VMware Cloud Provider Program attributed more than 30 per cent to the vendor’s revenue stream
Pat Gelsinger (VMware)

Pat Gelsinger (VMware)

Pat Gelsinger has made it clear that the Cloud Provider Program has established a "meaningful" area of revenue for VMware, with further investments planned in the future.

The pledge comes days after the tech giant reported that second-quarter profit and revenue beat analyst estimates, driven by strong demand from within its cloud services business.

The VMware Cloud Provider Program attributed more than 30 per cent to the vendor’s revenue stream, which rose 12.5 per cent to US$2.17 billion.

"There’s been a consistency to that area of our business that I think has shocked everyone," said Gelsinger, speaking as CEO of VMware. "There was a prevailing view in the industry that the big cloud guys - AWS, Microsoft Azure and Google Cloud Platform will eat up everybody.

"The result has been an area of consistent and steady growth for us, and increasingly, we’re being seen as the technology source for all other clouds.

"Clearly the mega guys are building much of their own technology, but all of the other cloud providers are increasingly relying on VMware’s technologies as the base for building off their cloud."

Outlined during a press briefing with media from Australia and New Zealand (A/NZ), Gelsinger also addressed ways the tech giant intends to keep market momentum moving, through the increase of resources and a deepened focus on Asia Pacific and Japan (APJ).

"Particularly in APJ, we haven’t been as invested in that area, but in the last year and a half, we’ve increased our investments for that area of our business,” he said. "We have a good business in Australia, but that is the exception in APJ.

"We have started to build up more capacity to drive those businesses and some of the other countries such as China."

Most of that revenue in the past has been driven from vSphere, Gelsinger said and the offering was now gaining more traction for NSX, vSAN and vCloud Director.

"We’re also working to make that program, a great channel for other services,” Gelsinger said. “CloudHealth and VMC on AWS will be resold through those channels as well.

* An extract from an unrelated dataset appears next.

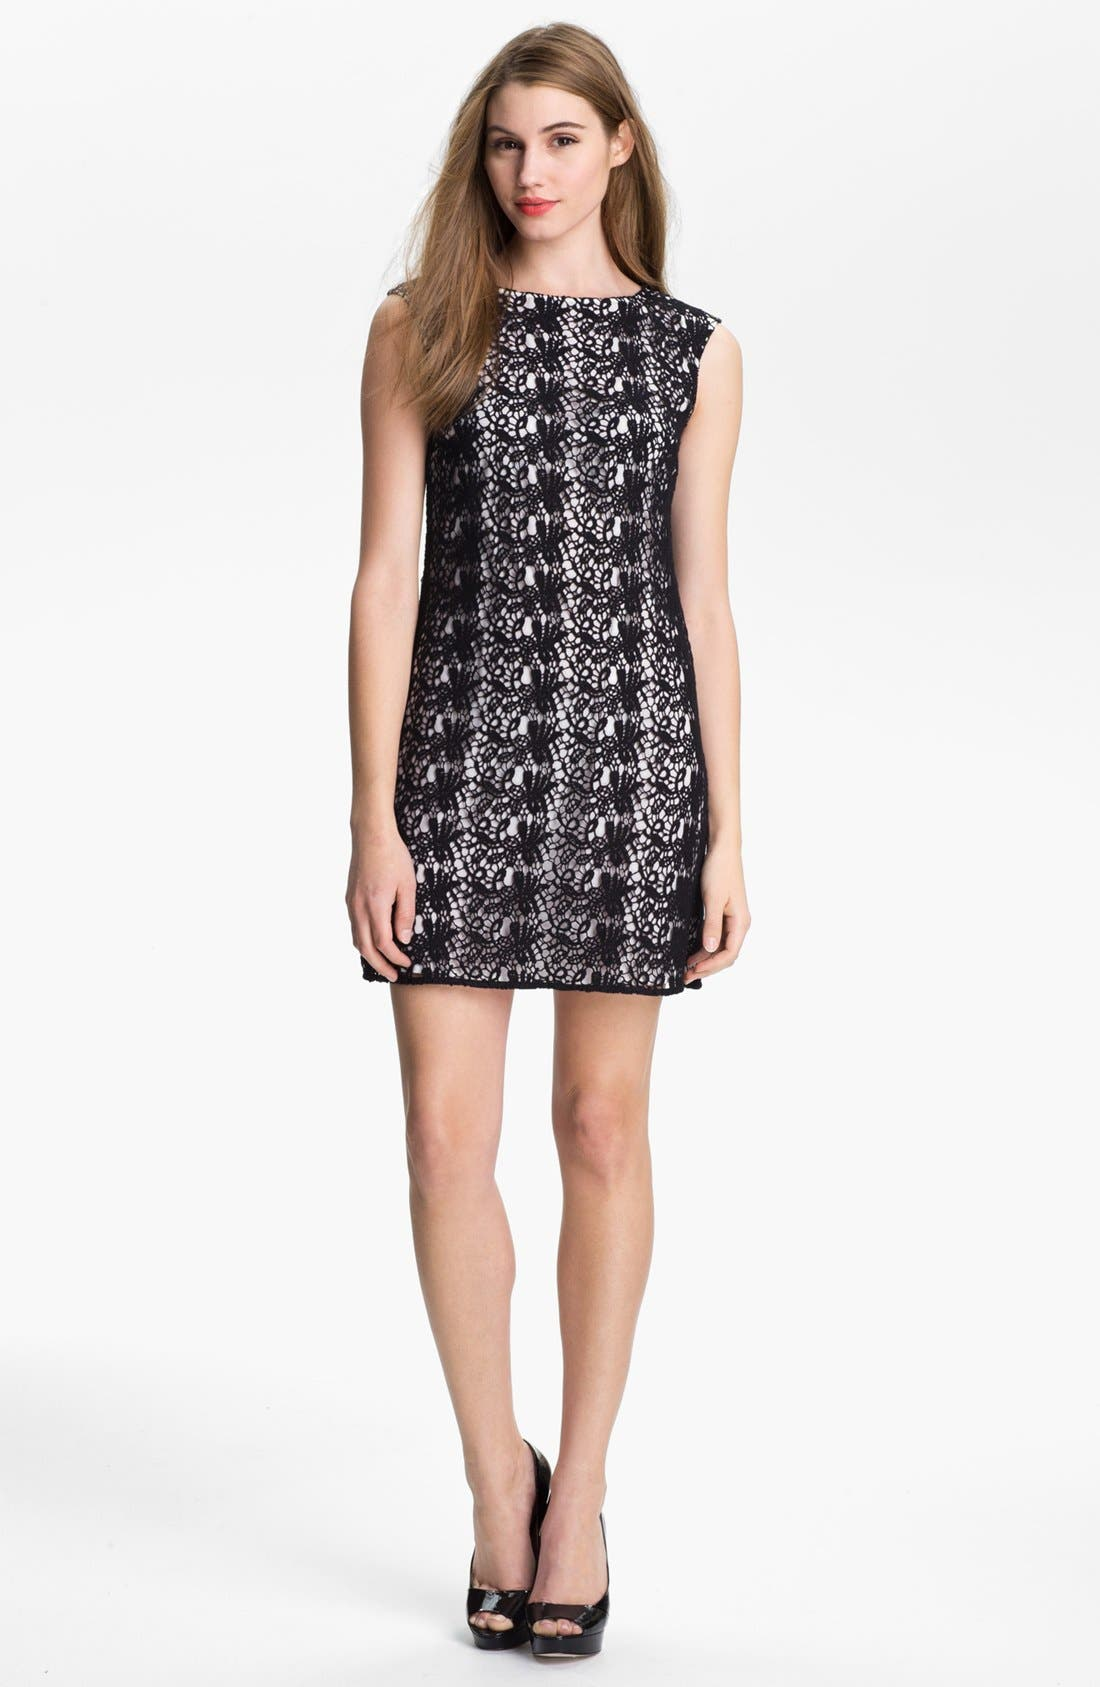 Alternate Image 1 Selected - Vince Camuto Paisley Lace Shift Dress (Petite)
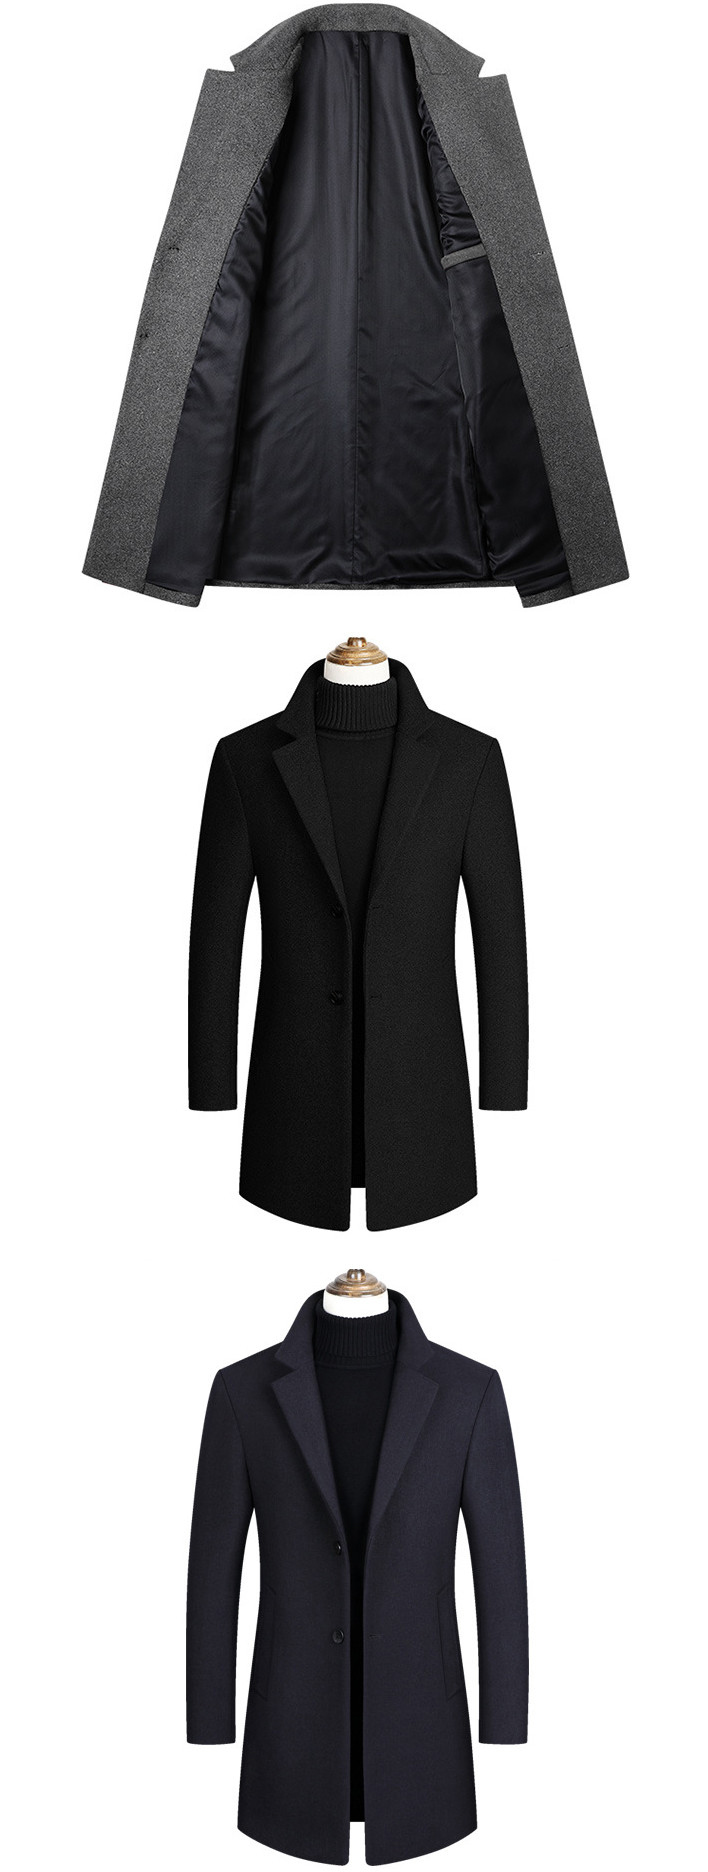 Winter Wool Jacket Men's High-quality Wool Coat casual Slim collar wool coat Men's long cotton collar trench coat 8

"We’ll be putting more of our products focus through that business relationship. That I believe will be the biggest aspect of our long term growth."

Gelsinger highlighted many areas of growth opportunities within network with NSX and storage with vSAN, saying VMware was just getting started.

"It’s been eight months since the acquisition of VeloCloud and depth of integration is still light compared to what we have on the roadmap, but the response is so far positive,” he added.